Le combat contre le terrorisme ne justifie pas tout
« Si l’efficacité de la lutte contre la criminalité grave, notamment contre la criminalité organisée et le terrorisme, peut dépendre dans une large mesure de l’utilisation des techniques modernes d’enquête, un tel objectif d’intérêt général, pour fondamental qu’il soit, ne saurait à lui seul justifier qu’une réglementation nationale prévoyant la conservation généralisée et indifférenciée de l’ensemble des données relatives au trafic et des données de localisation soit considérée comme nécessaire aux fins de ladite lutte. »
5 conditions strictes pour choper les méta-données
- Ces données ne portent pas sur le contenu des communications (le corps d’un e-mail, votre conversation téléphonique…) mais bien sur des informations périphériques et techniques. C’est ce qu’on appelle les méta-données : qui appelle qui, de quel appareil, à quelle heure, combien de temps ? Sur ce point, les Etats sont a priori plutôt au point, même si, à la fleur de flous dans les textes, des différences d’interprétation demeurent encore (par exemple : l’objet d’un e-mail fait-il partie du contenu ou des métadonnées ?).

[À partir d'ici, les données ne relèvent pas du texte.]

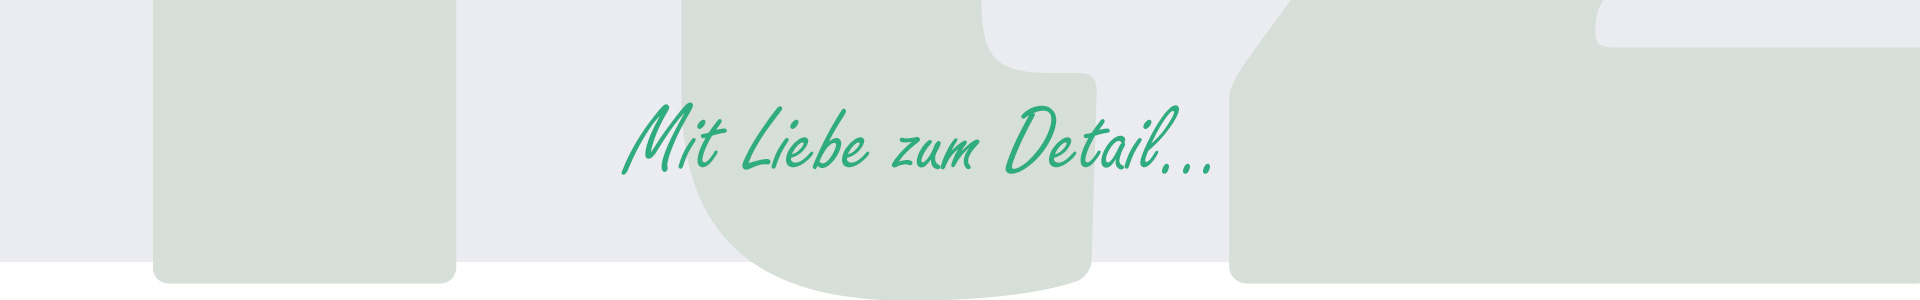 Gute Website erstellen - Webdesign Agentur Düsseldorf

- Ces données ne portent pas sur toute la population. Seuls des individus ciblés peuvent voir leurs données stockées ; la Cour refuse toute « conservation généralisée et indifférenciée », y compris « à des fins de lutte contre la criminalité ».
- Une fois stockées, ces données ne peuvent être consultées qu’aux « seules fins de lutte contre la criminalité grave », et non pas pour contrer de petits délits.
- Une fois stockées, ces données ne peuvent être consultées qu’après « contrôle préalable par une juridiction ou une autorité administrative indépendante ».
- Enfin, le stockage de ces données ne peut être fait que « sur le territoire de l’Union ».
Enquête judiciaire, administrative, fisc, douane…
- Au départ, elles devaient servir « pour les besoins de la recherche, de la constatation et de la poursuite des infractions pénales. »
- Mais cette consultation s’est étendue du judiciaire à l’administratif. Soit en clair aux services de renseignement. La loi de programmation militaire (LPM) de 2013 y a consacré tout un chapitre, lui-même étoffé par la loi renseignement de 2015.
- Grâce au « droit de communication », invention géniale qui permet à l’administration d’obtenir les infos qu’elle veut, le fisc, les douanes, l’Urssaf, l’Autorité des marchés financiers ou la direction de la concurrence peuvent se faire communiquer ces infos, pour progresser dans leurs enquêtes ou prévenir la fraude.Le gouvernement actuel chérit tellement ce levier qu’il l’a également glissé dans sa loi sur l’immigration, adoptée en mars, pour les étrangers demandant un titre de séjour. Il l’a aussi prévu dans la loi sur le dialogue social et l’emploi pour fliquer les faits et gestes des chômeurs, avant de le retirer in extremis.